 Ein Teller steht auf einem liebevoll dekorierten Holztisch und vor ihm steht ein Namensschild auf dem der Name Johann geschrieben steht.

════════════════

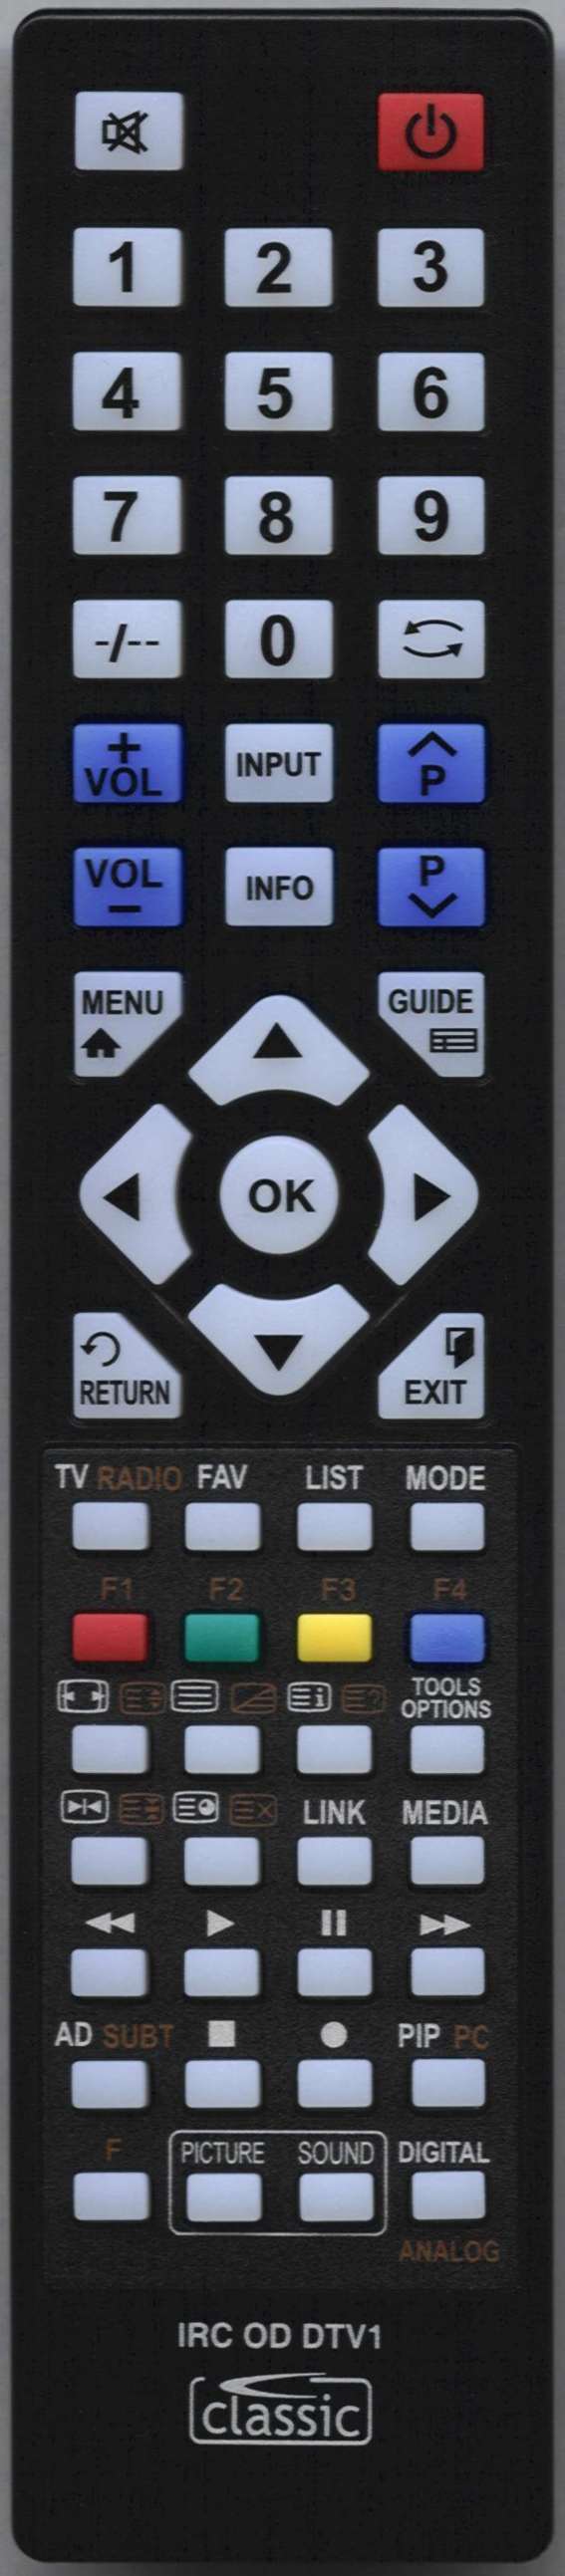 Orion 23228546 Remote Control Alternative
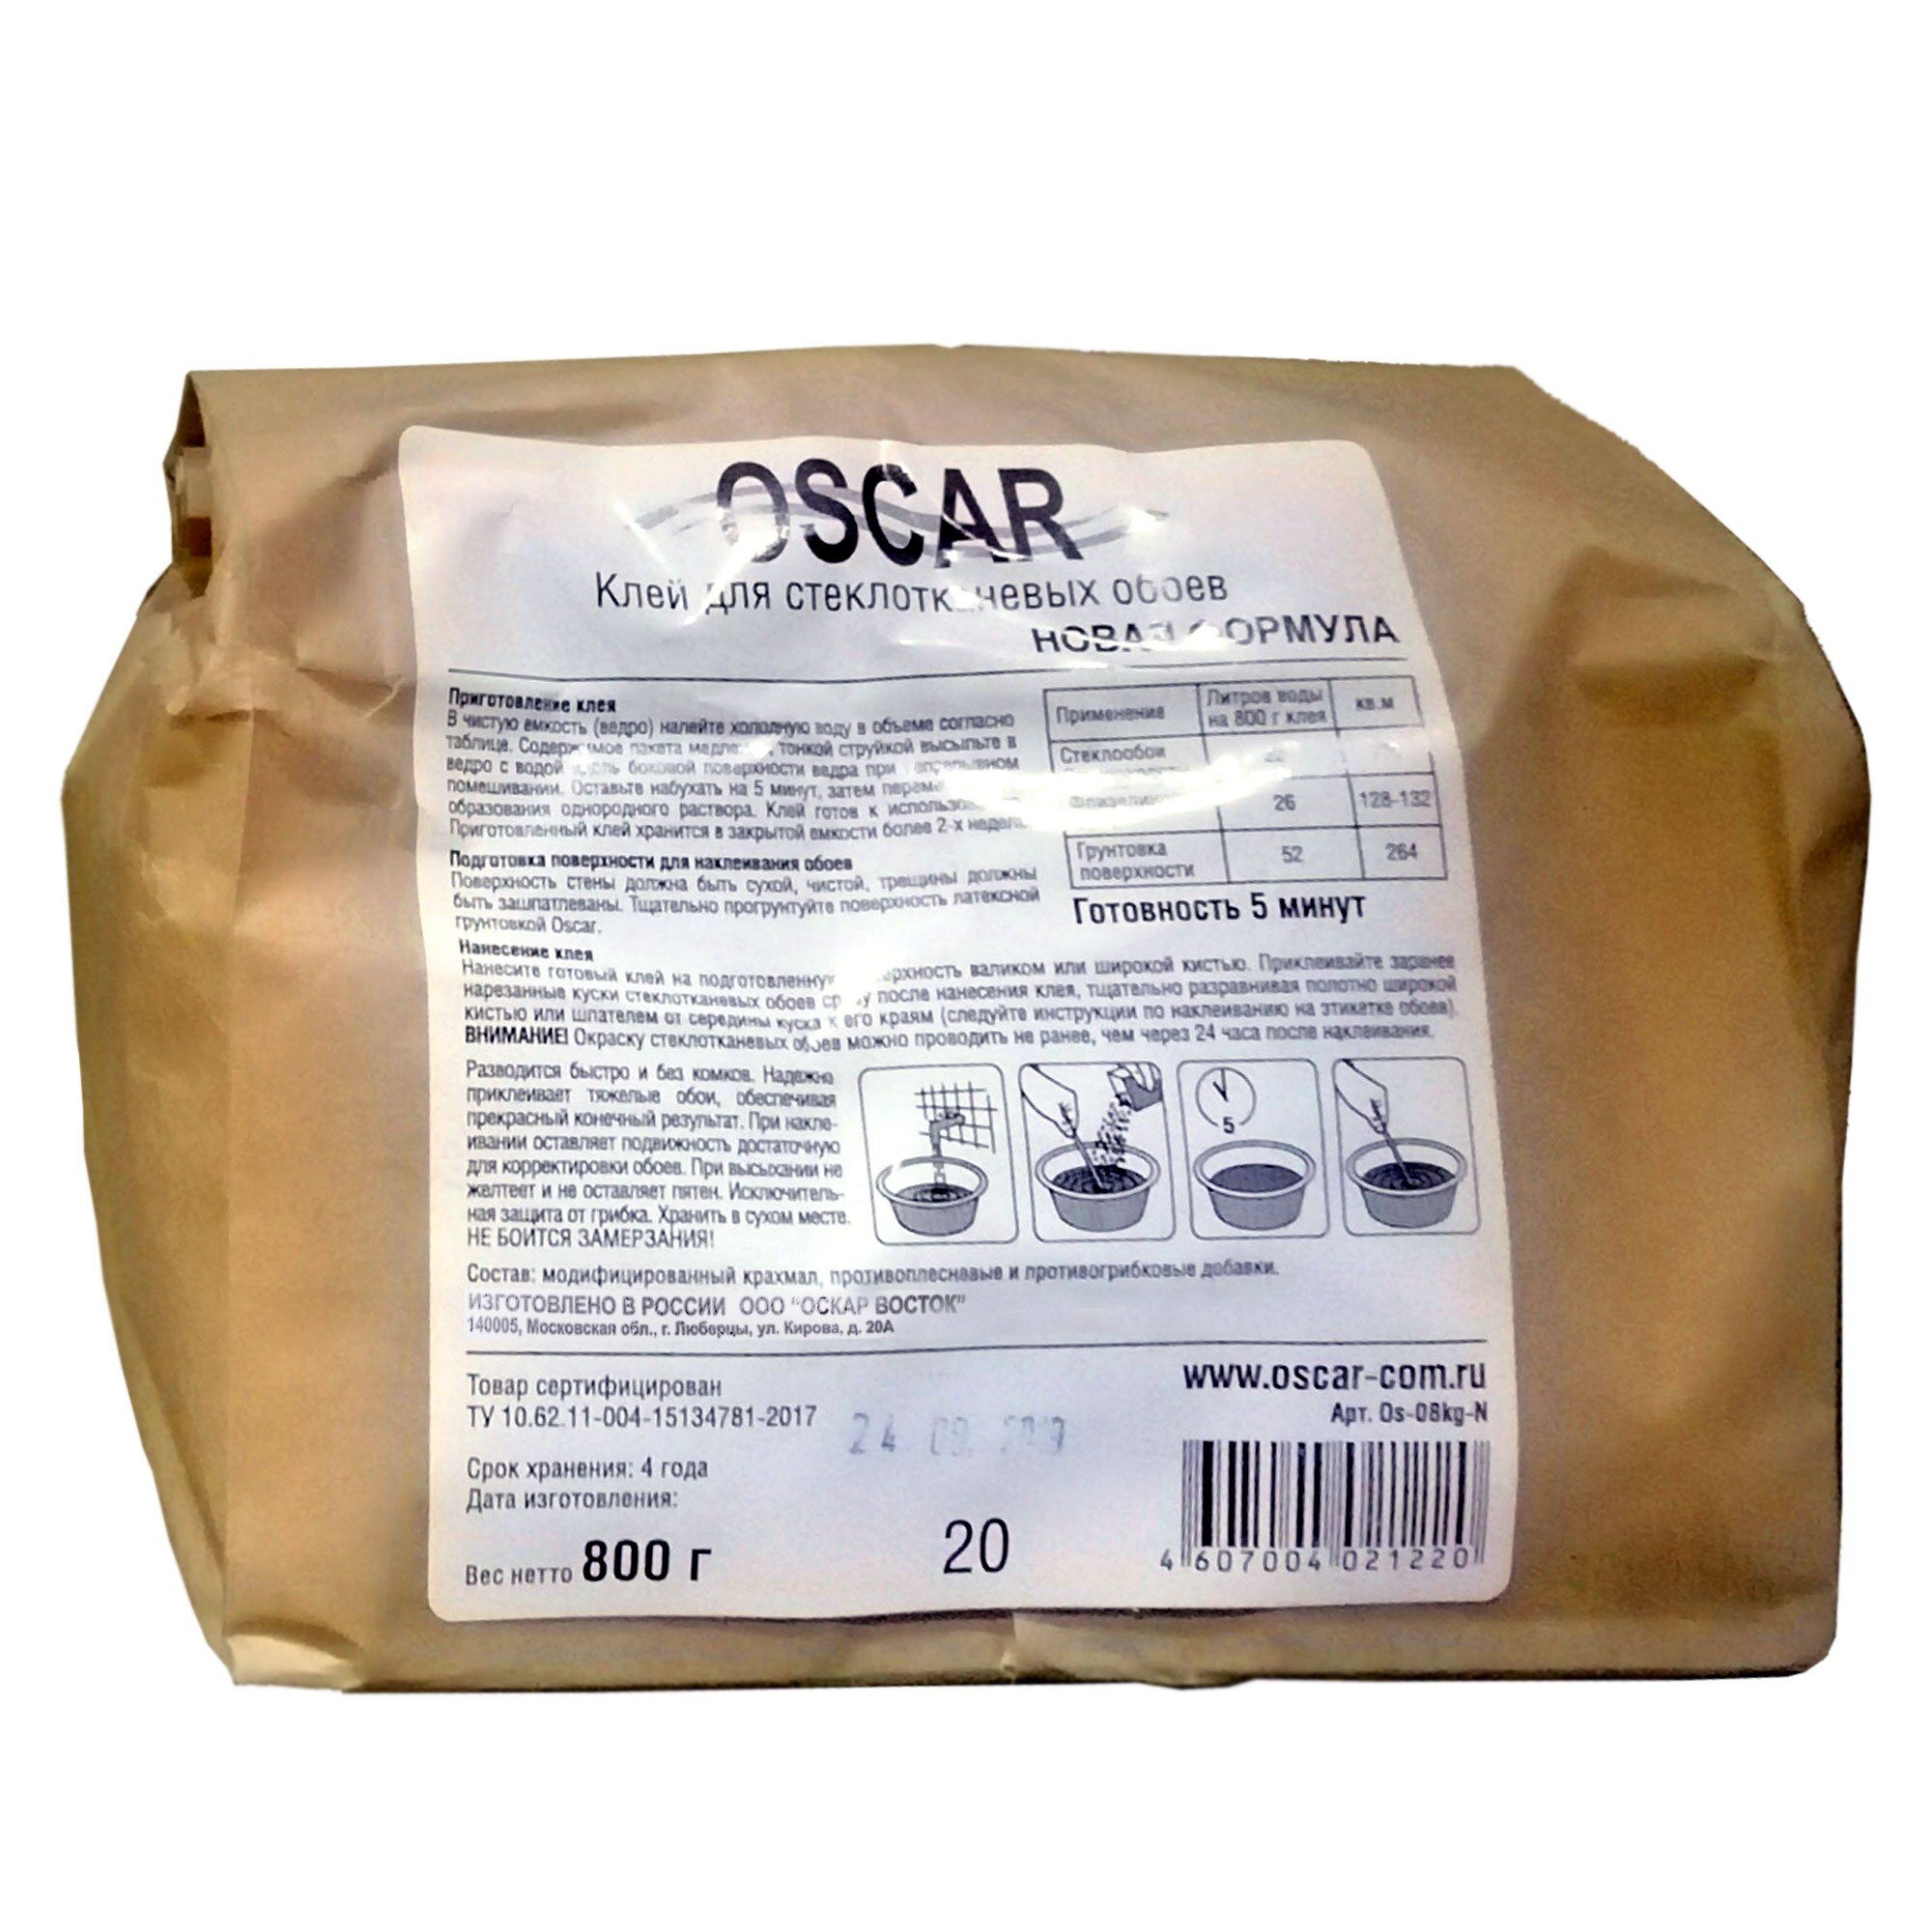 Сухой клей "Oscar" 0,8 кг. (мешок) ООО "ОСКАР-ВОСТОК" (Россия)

════════════════

### WHAT TO DO
Go to the line above that has "Orion 23228546 Remote Control Alternative" and copy exactly from there down to the line that has "0,8 кг. (мешок)", both included. Leave the pictures out.

### ANSWER TO THIS EXERCISE
 Orion 23228546 Remote Control Alternative
 Сухой клей "Oscar" 0,8 кг. (мешок) ООО "ОСКАР-ВОСТОК" (Россия)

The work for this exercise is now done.